Kerry O’Brien’s delightful gaffe that there was ‘a swing to the ABC’ in Bennelong aroused our elated mirth at the woes of the rodent as the eloquent and lovely Maxine McKew looked poised to take his seat. The presence of the Chaser team in the outer election commentary area and prior interview of a non-committal Craig Reucassel had perhaps influenced his thoughts.

For the government under Rudd will be certain to attend to the needs of our ailing dear Aunty, debilitated by the mercantilist, corporate media influenced, wowserish rodent pack. Essential to the health of our similarly diseased democracy, our ABC is headed for better days.

Around the nation as the landslide results became clear, the joy was palpable. We were swilling our third bottle of pink champagne by the time Howard belatedly conceded defeat, advertising as he did so from the podium sticker that he was beholden to Sofitel Wentworth, in probable future Lieberal leader, Malcolm Turnbull’s electorate, for their hospitality to his wake.
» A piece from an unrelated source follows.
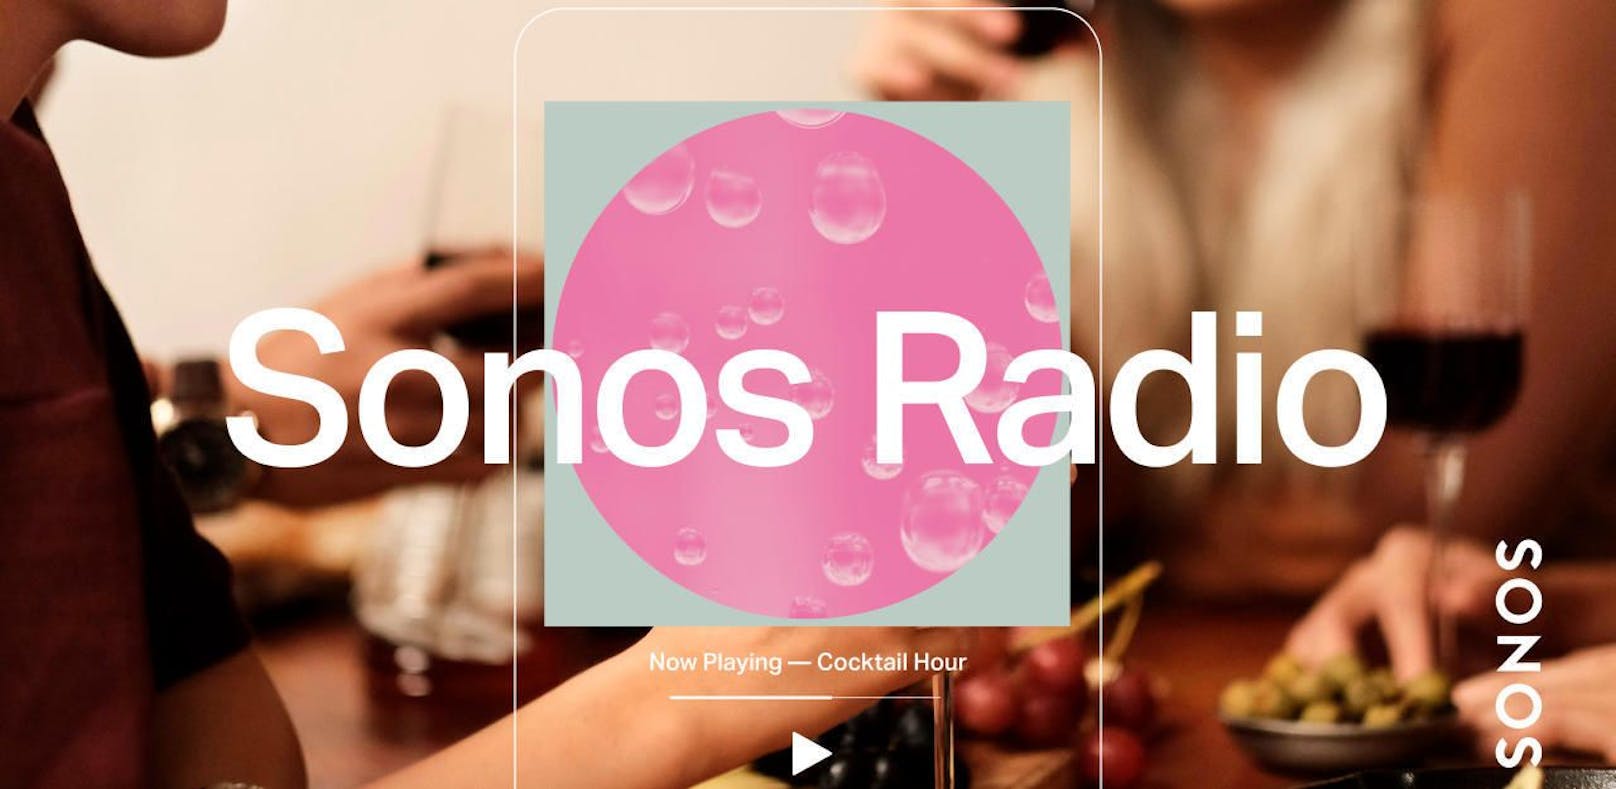 Sonos startet mit neuem Streaming "Sonos Radio"

His farewell speech was lengthy, pompous and whiny, the gluttonous prime miniature scraping the barrel for the limelight he has craved to the detriment of his own party.
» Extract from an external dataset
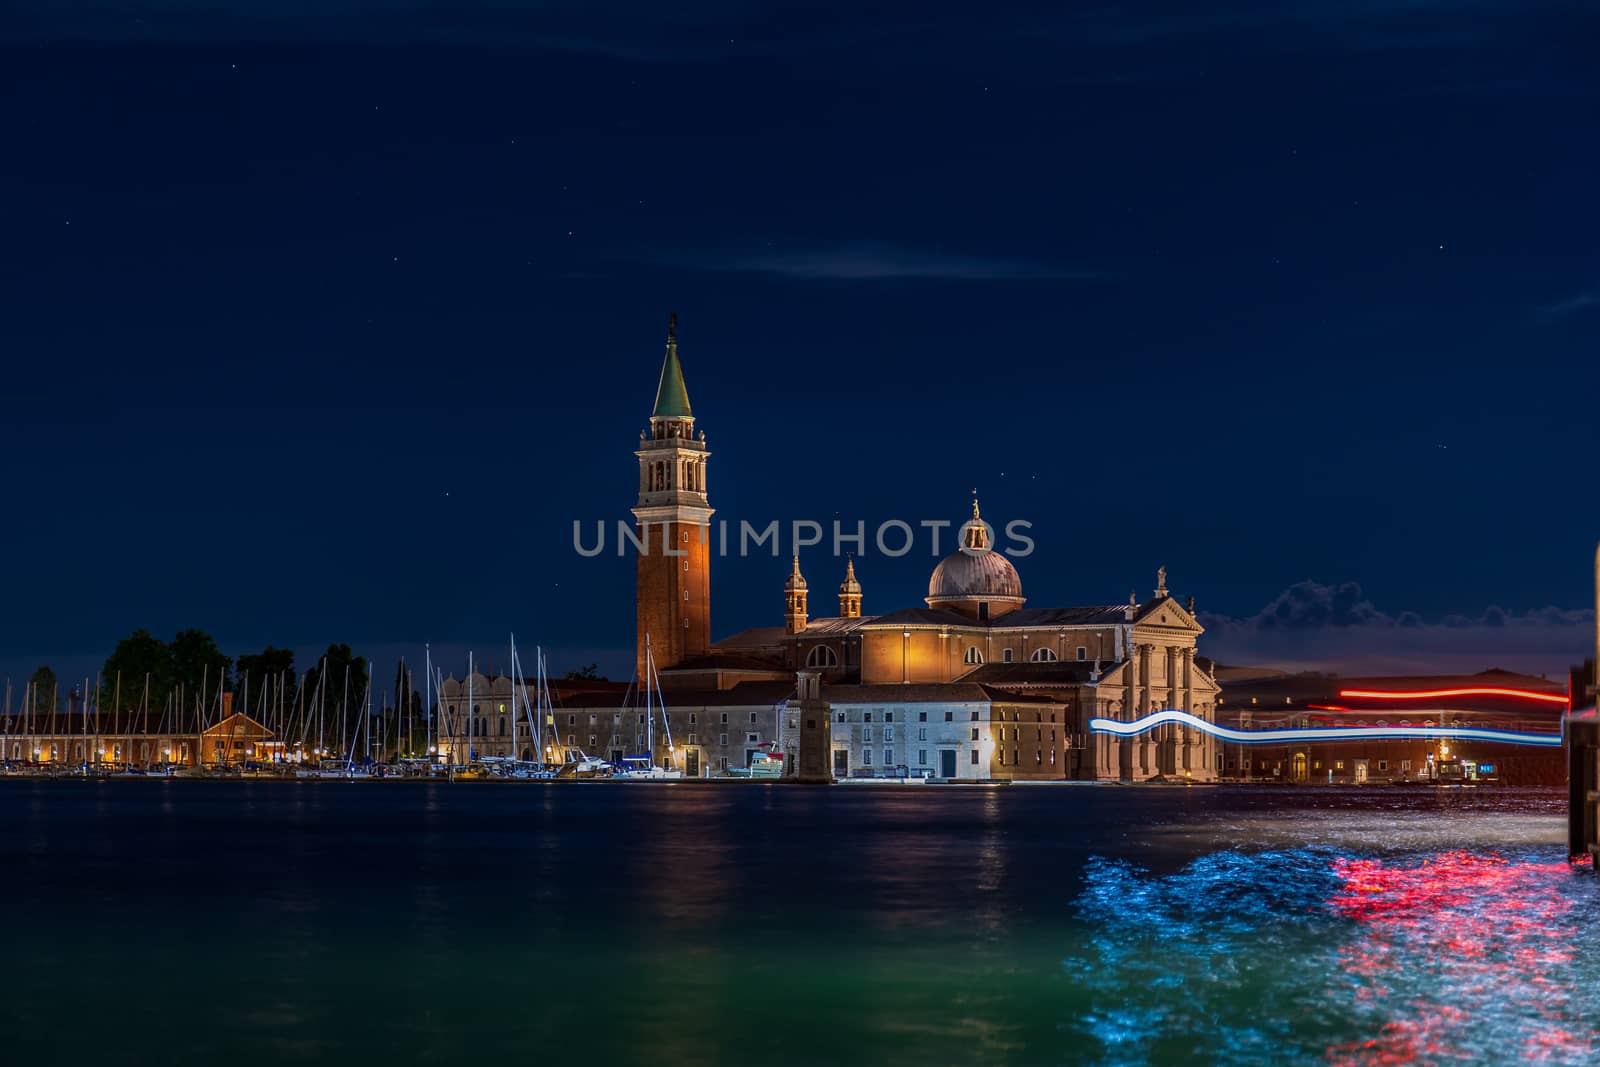 Amazing night shot of San Giorgio Maggiore

A 6% swing against the Lieberals with the loss of 26 seats so far and Howard likely to lose Bennelong mean the wolves will be feasting on dwarf carcass for some time. 88 Labor seats are predicted at this stage. We are pleased that Fringe readers were perspicacious, with 82% polling Team Rodent would lose.
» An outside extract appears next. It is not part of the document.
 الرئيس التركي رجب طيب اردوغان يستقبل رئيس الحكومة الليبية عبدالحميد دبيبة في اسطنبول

Good riddance, little Johnny, and may you slink away from public life completely, not to reemerge in the form of a vocal statesman like your more admirable counterpart, Malcolm Fraser. And farewell, Costello, always a bridesmaid and never a bride, your career tainted by rodent droppings and a general lack of guts and ambition. We will never forget how you sold off Whorestralia’s gold reserves BEFORE the gold boom, or removed capital gains tax for foreign investors whilst offering no such relief to us locals.

Rudd’s victory address was littered with painful slogans, directed at the average yob who will today be examining their assets and debts in light of more imminent interest rate rises. Yet at least, Whorestralia can now revel in the fact that we can as a nation participate in enlightened ventures like the signing of the Kyoto treaty, removing our soldiers from Bush’s sordid Iraq debacle and repairing the public health and education sectors. All worthy of foregoing tax bribes for!

The restoration of Whorestralian workers’ protections and rights may have to wait till next July, when the Senate will fall to a Labor majority, though we would not be surprised if the some of remnants of the imploded Lieberals turn tail on their former dearly beloved dwarf leader’s draconic industrial policies.

Good luck to you, Kevvie … and keep the light shining. Breathing multiple sighs of relief, we won’t have to leave the country in disgust after all.